# Importing Large F-350 / Allot of TOOLS



## robop (Aug 11, 2010)

Hi everyone! New to the forum.

I have a large amount of landscape tools, large trailer, Bobcat,and misc. small machines.

Going to try my luck living in Guadalajara with my long time Mexican G.F. We may marry after she finishes her divorce ( seperated 9 years from husband).

Anyone with experience importing TOOLS and EQUIPMENT??

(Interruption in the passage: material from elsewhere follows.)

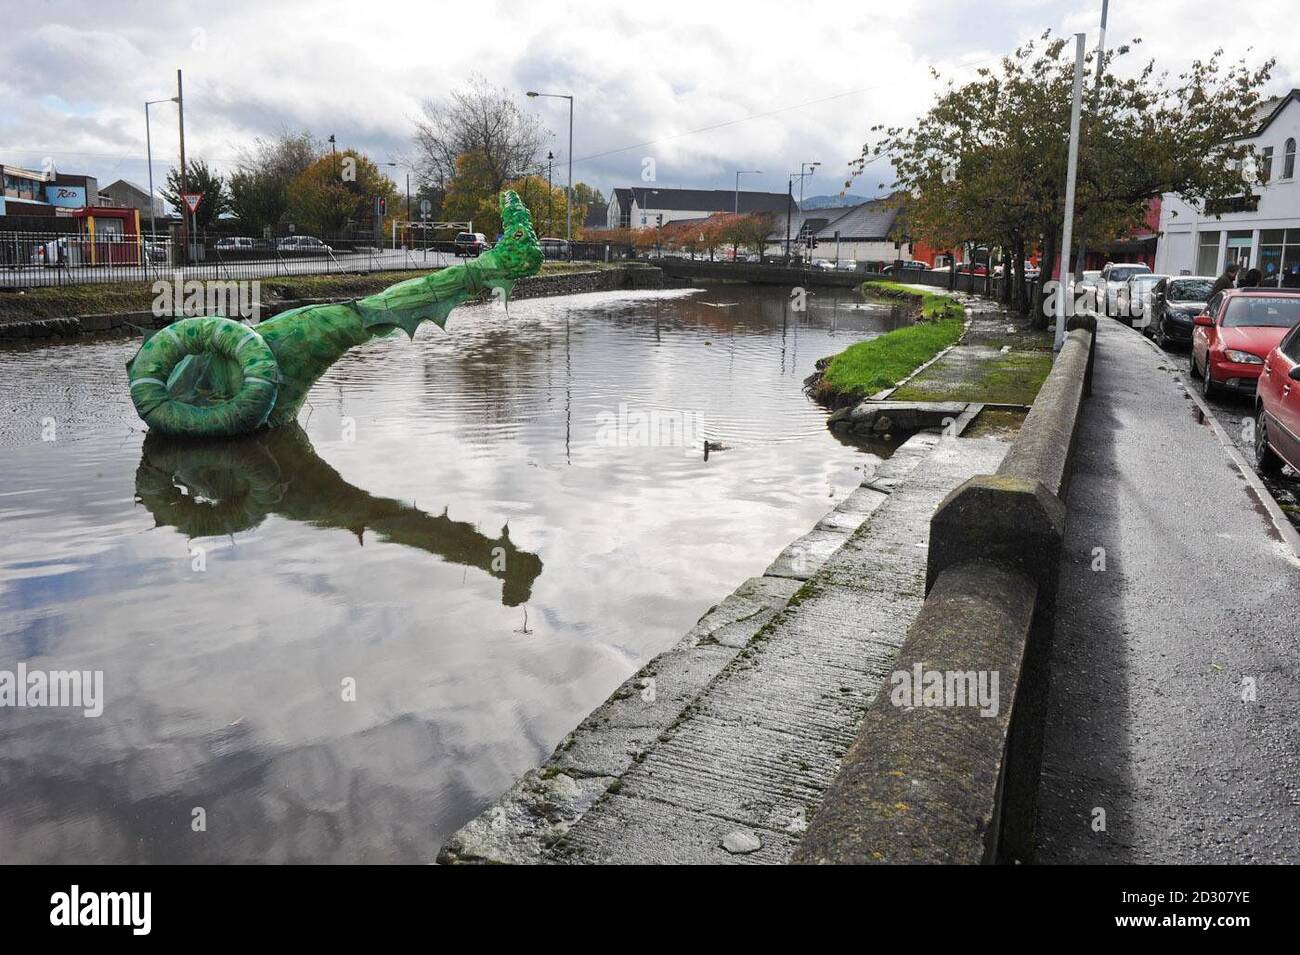 A Hallowe'en decoration in the canal in Newry, County Down succombs to the bad weather. Stock Photo
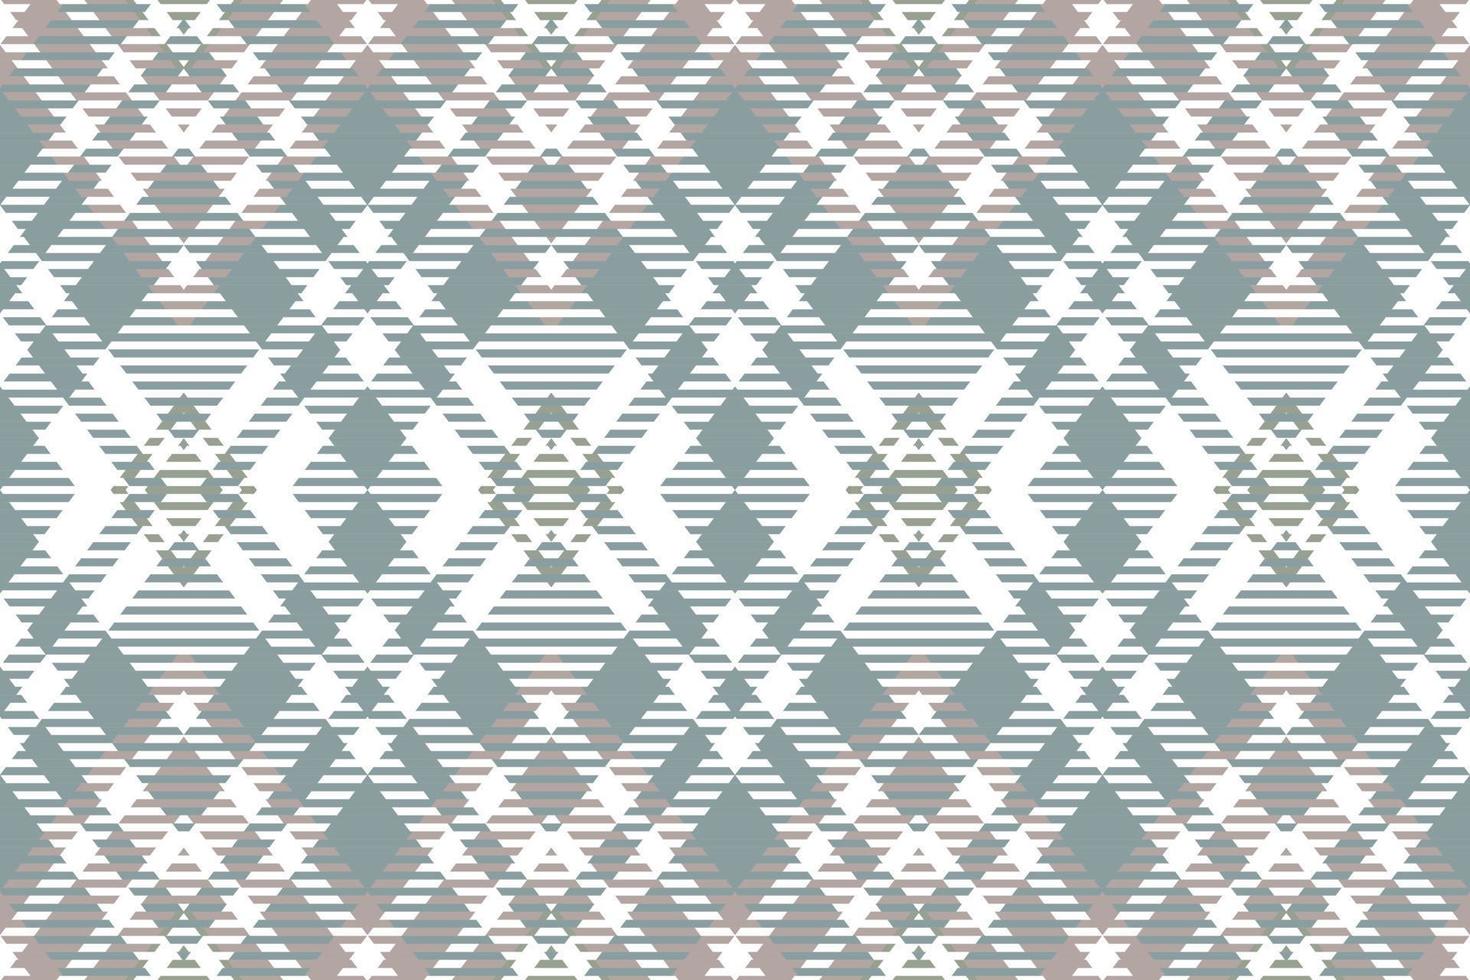 abstract tartan pattern seamless textile is woven in a simple twill, two over two under the warp, advancing one thread at each pass. vector

Have temp import on another vehicle already and I have my FM-3.

Many thanks, Rob


----------



## RVGRINGO (May 16, 2007)

As you probably know, you can not bring in a second vehicle. The tools and machinery would also raise the immediate attention of customs, as they are probably worth more than $1000 USD or even the $3000 USD which would require the use of a broker. Commercial style trucks are also not allowed as 'personal vehicles'. I'm not sure where the F350 falls. However, that's a moot point, since you already have your one allotted vehicle in Mexico.


----------



## moisheh (Jun 14, 2009)

You cannot import a Bobact as personal eqpt. Not only that you would need a work permit for work eqpt. Your F350 cannot be imported permanently as the GVW is too high and as RV ****** pointed out you cannot import it with an FM3 as you already have a car. If you are planning on working with this eqpt. in Mexico there is a good chance you will be deported and they could sieze the eqpt.


----------